How to complete this task => Restate, word for word, the run of lines that starts at the line containing "Allen & Page" and ends with the final line of the listing. Leave pictures out.

Data section =>

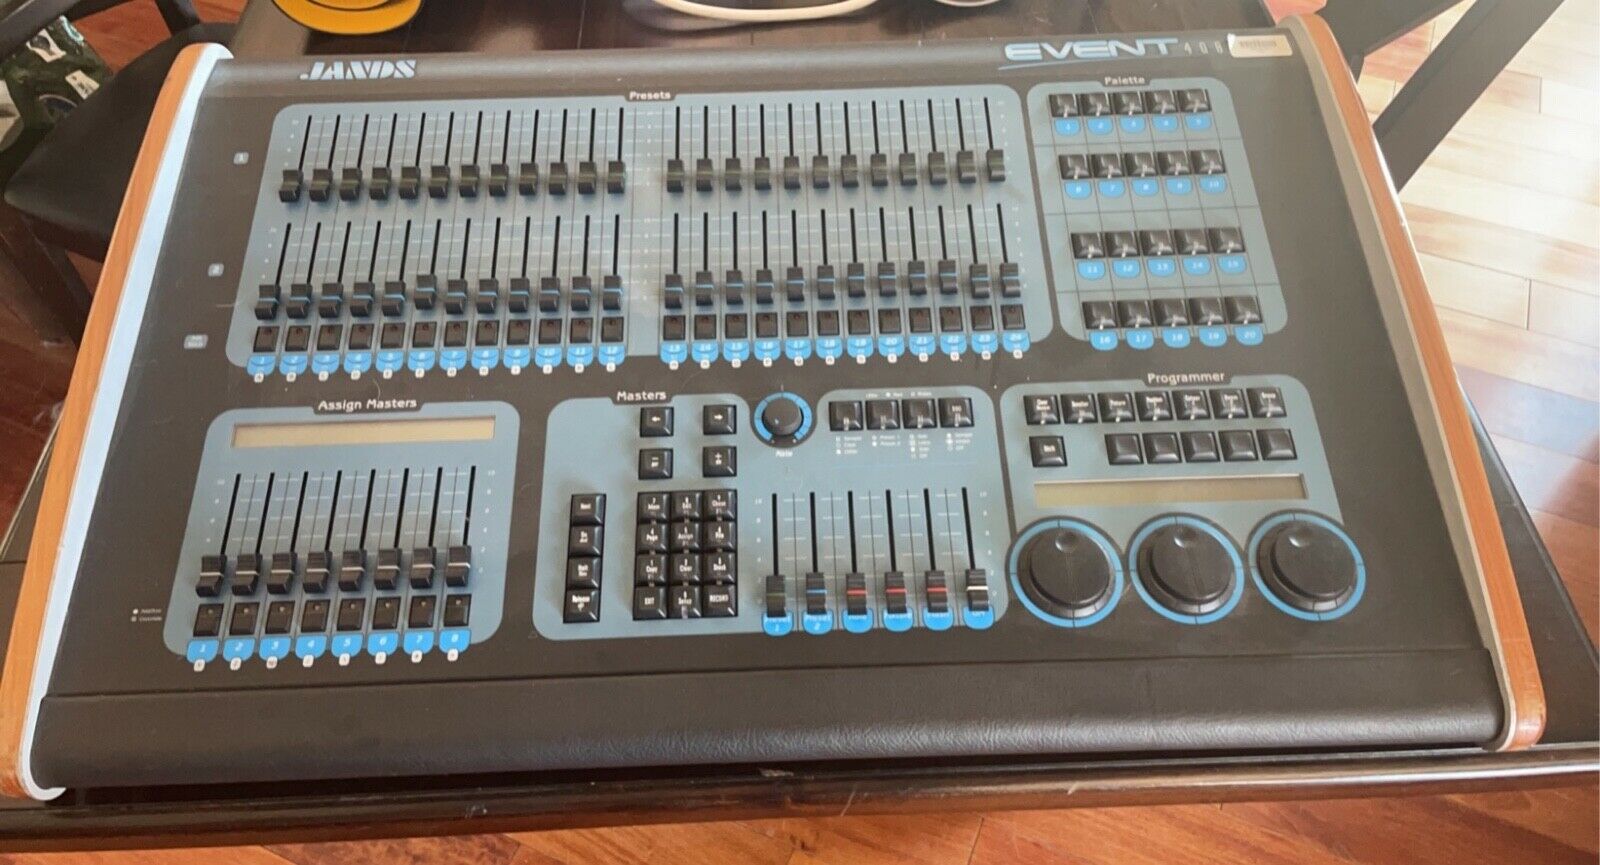 Jands Event 408 DMX Lighting Console -- Used with some scratches
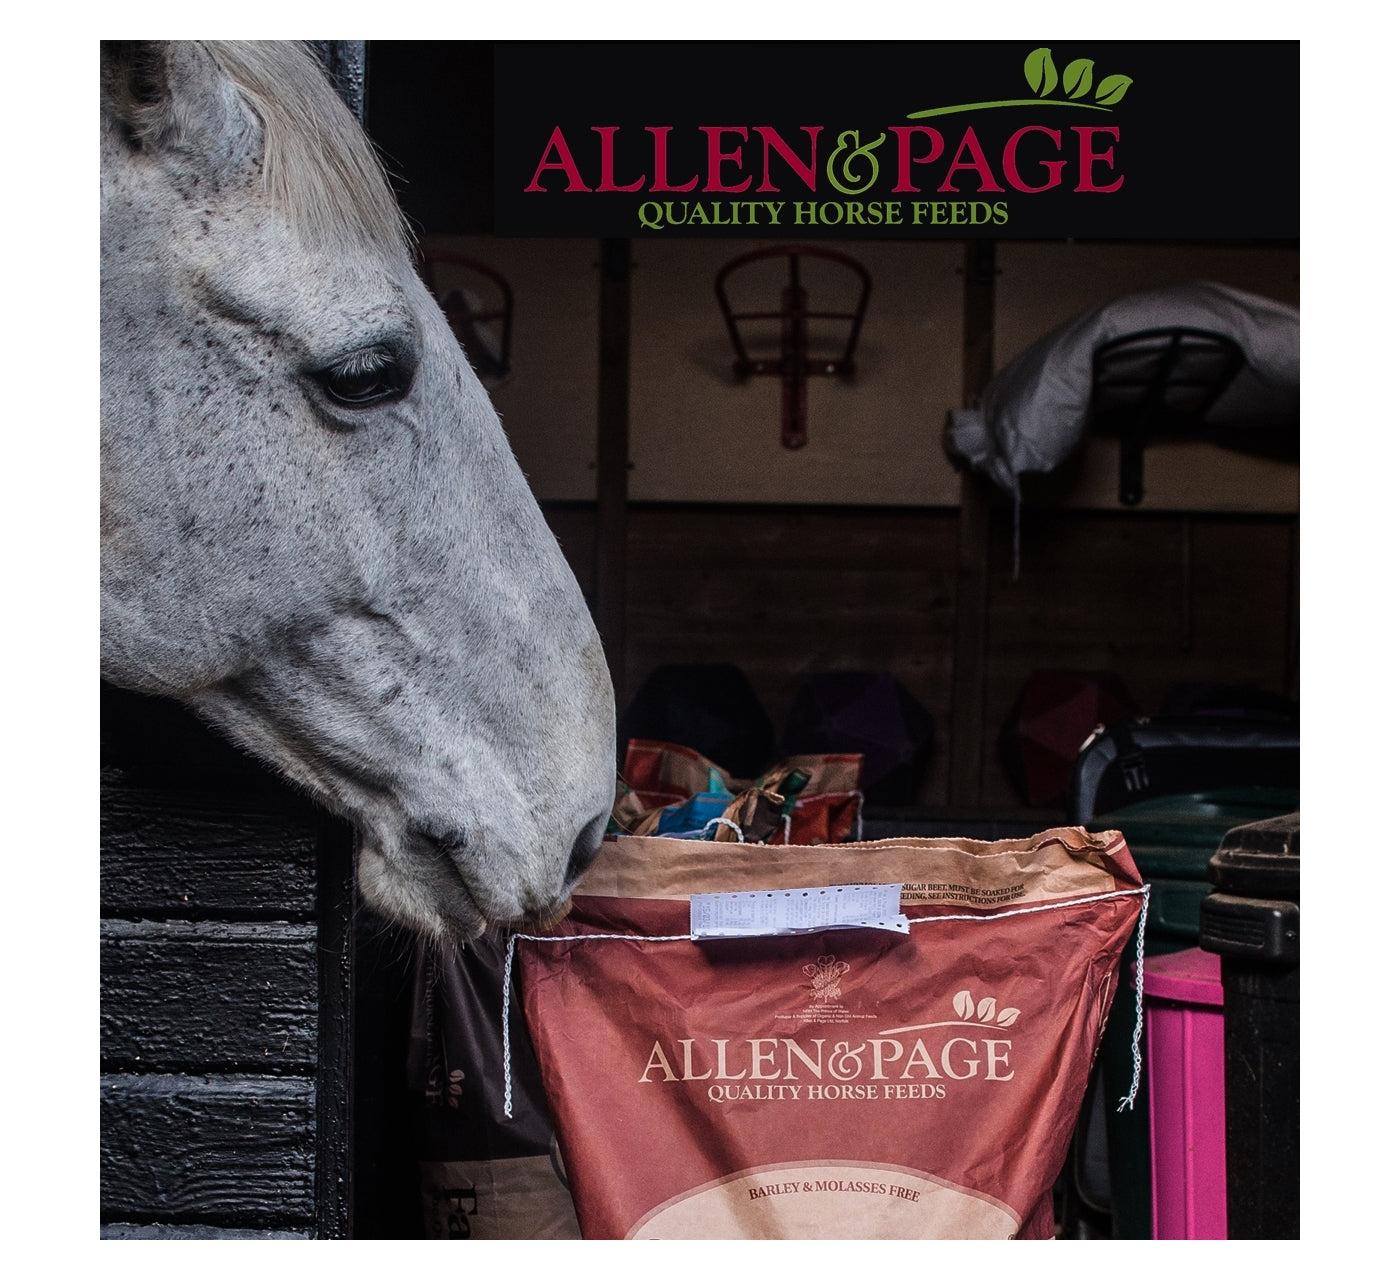 Allen & Page - Calm & Condition | Horse Feed - Buy Online SPR Centre UK
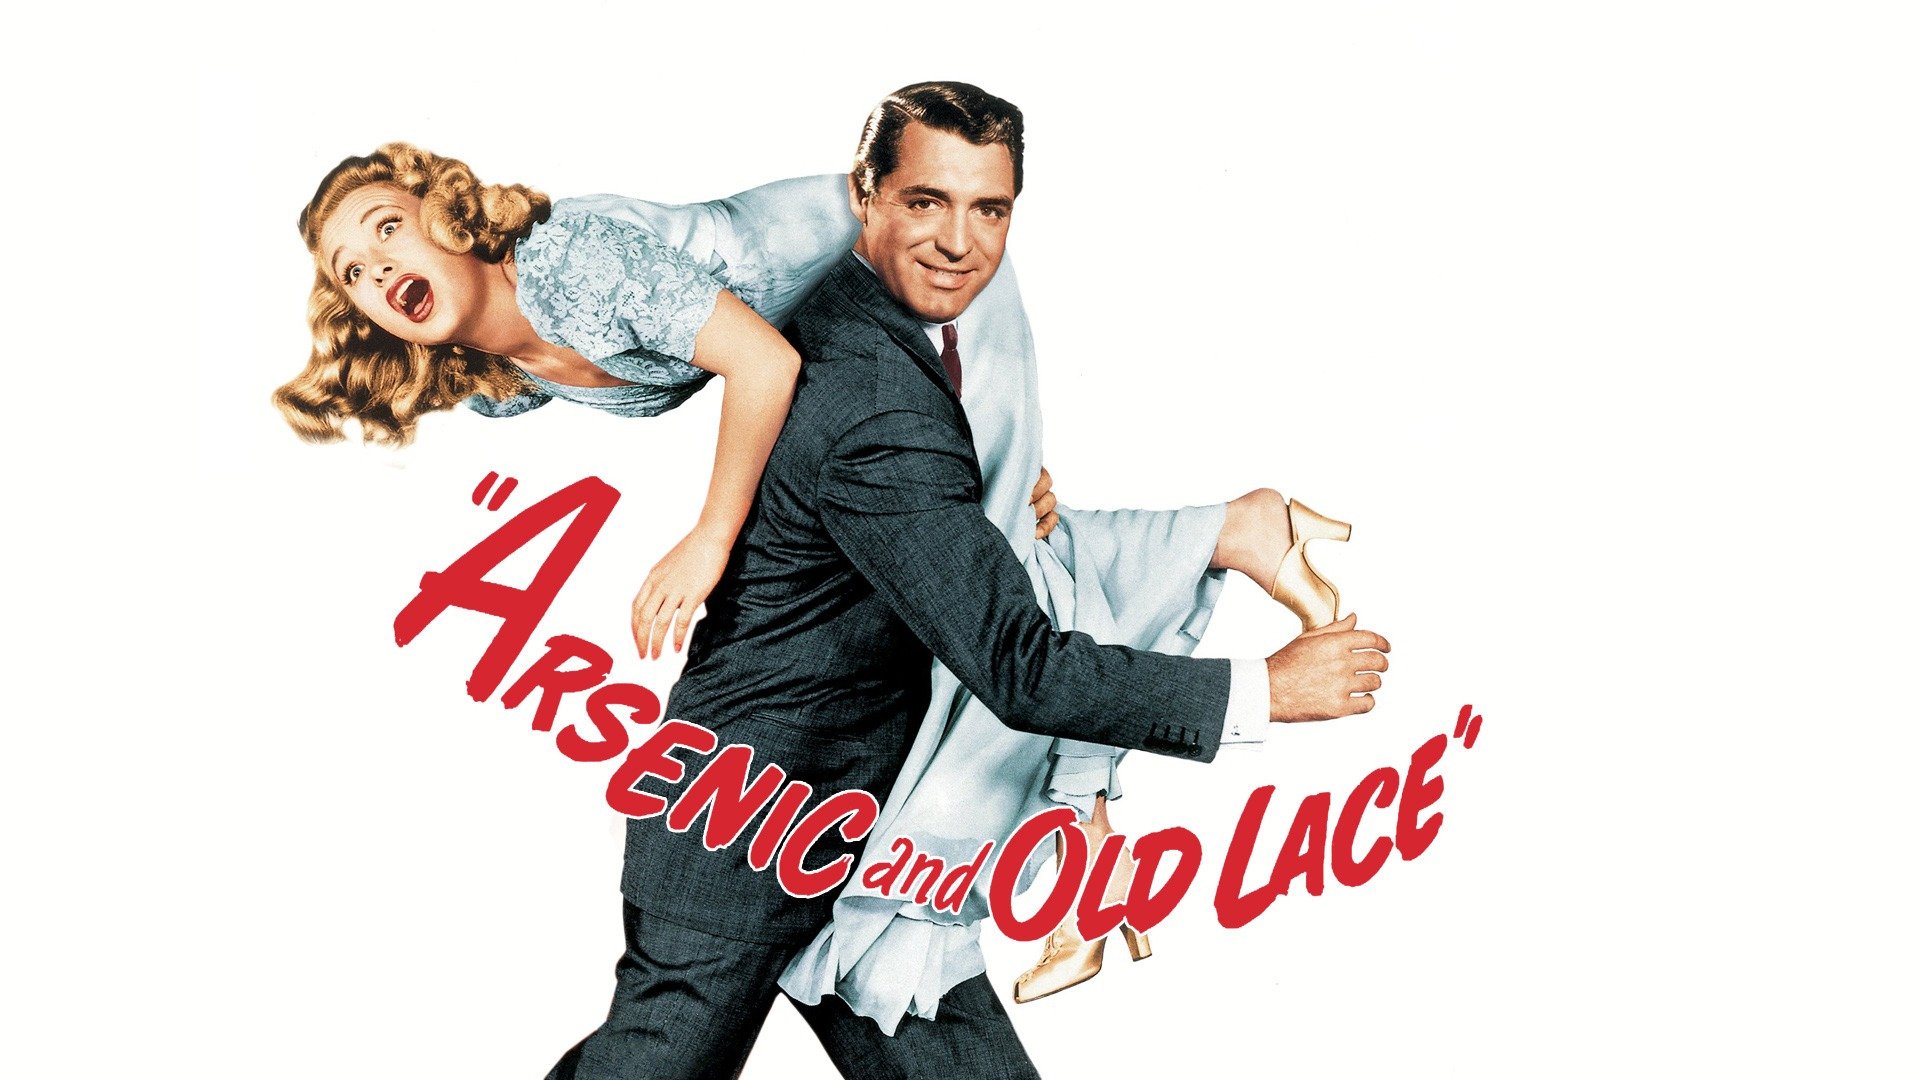 arsenic and old lace movie
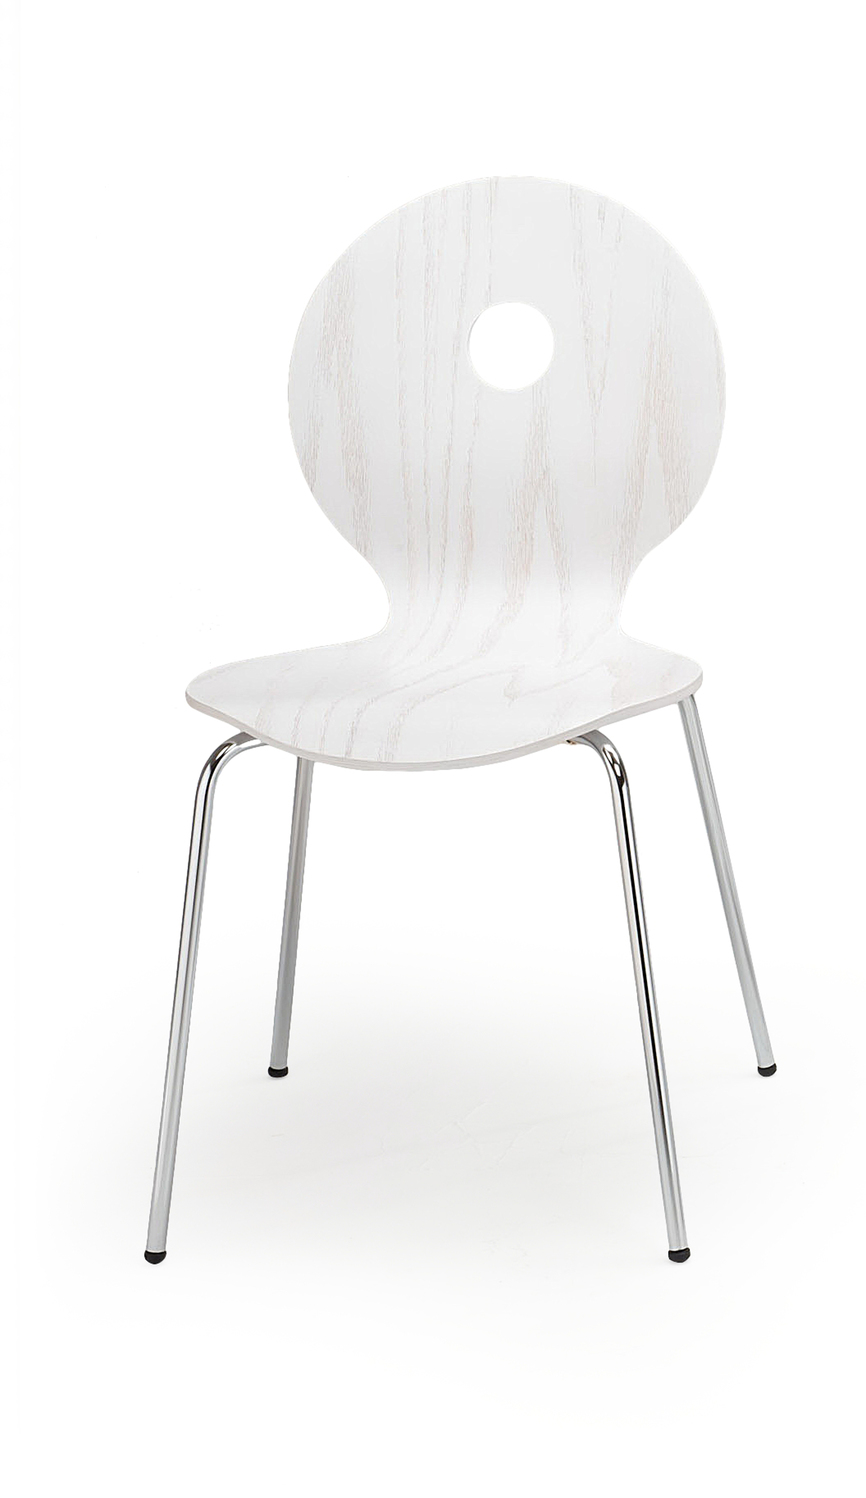 K233 chair, color: white

Task response =>
 Allen & Page - Calm & Condition | Horse Feed - Buy Online SPR Centre UK
 arsenic and old lace movie
 K233 chair, color: white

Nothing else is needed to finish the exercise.